On his way back to London Henry Martyn again visited Plymouth, where he learned from his cousin ‘that my attachment to her sister was not altogether unreturned, and the discovery gave me both pleasure and pain.’ He left them, his thoughts ‘almost wholly occupied with Lydia.’ London, Cambridge, his reading and his walking, his work and even his sleep, bring him no rest from the absorbing passion. His Journal is full of it, almost every day. Fortescue’s poems recall the happy mornings at St. Hilary, but his pensive meditation subsided into a more profitable one on the vanity of the world: ‘they marry and are given in marriage,’ and at the end of a few years what are they more than myself?—looking forward to the same dissolution, and expecting their real happiness in another life. ‘The fashion of this world passeth away,’ Amen. ‘Let me do the will of God while I am in it.’
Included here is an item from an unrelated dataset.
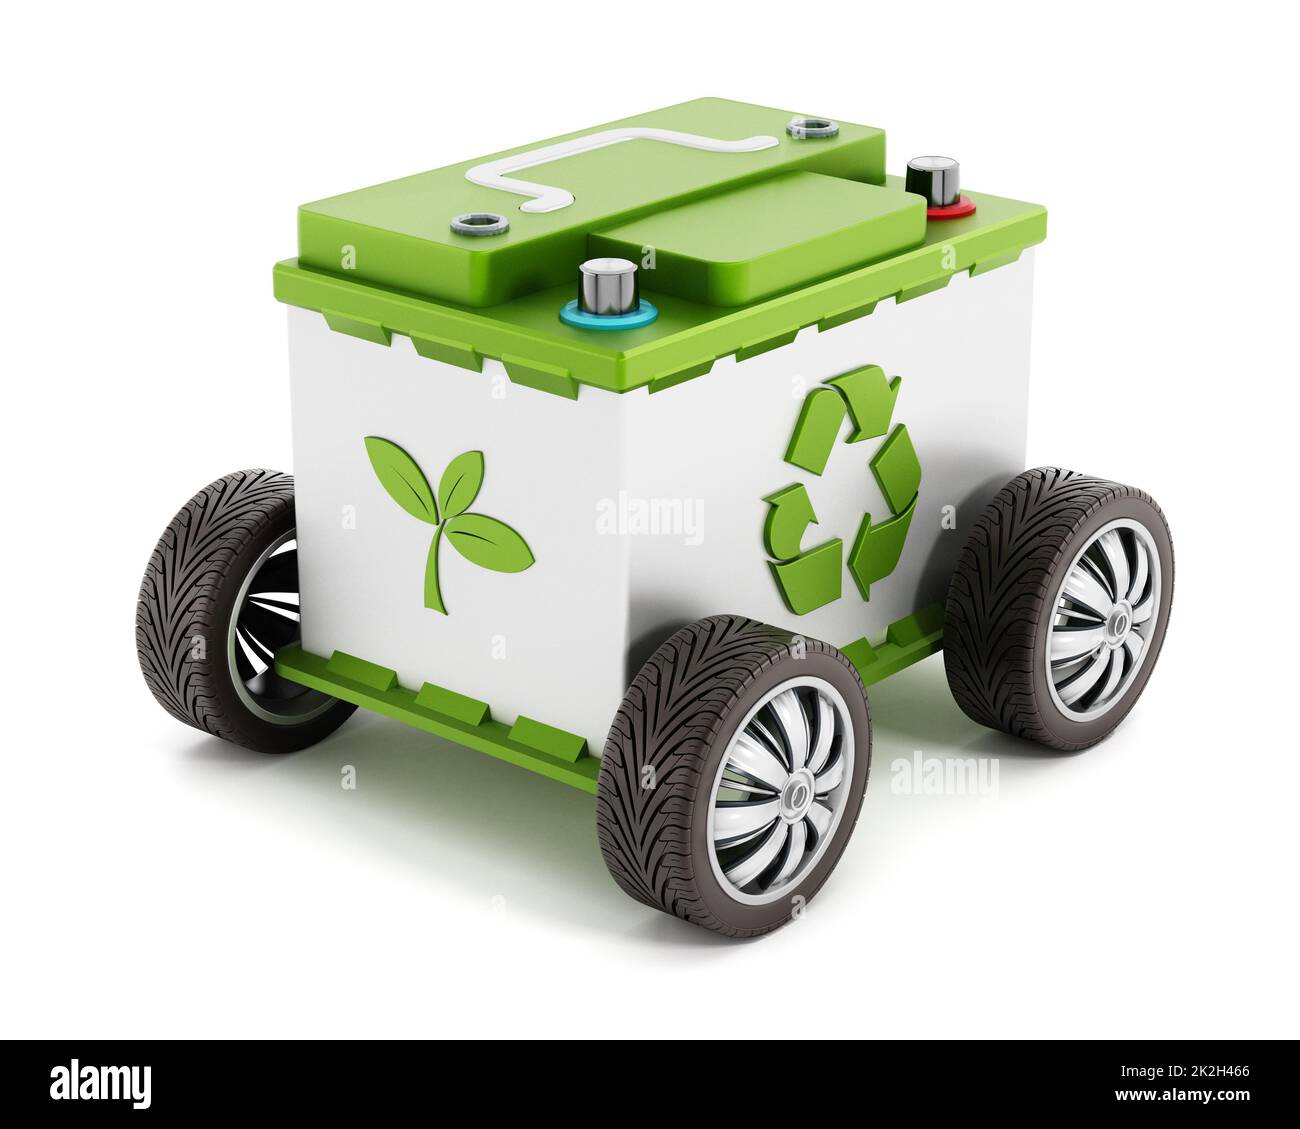 Batteria per auto riciclabile con pneumatici Foto Stock

The first day of the year 1805 led him to review the past five years, and to renew his self-dedication to God the Father, Son, and Holy Ghost, to be His servant for ever. The time for his departure to India was at hand, and his last act, on leaving London for Cambridge, to complete his arrangements for sailing, was deliberately to engage himself to Lydia Grenfell in the following letter to her sister.[11] It is thus referred to in his Journal:

I was in some doubt whether I should send the letter to Emma, as it was taking a very important step, and I could scarcely foresee all the consequences. However, I did send it, and may now be said to have engaged myself to Lydia.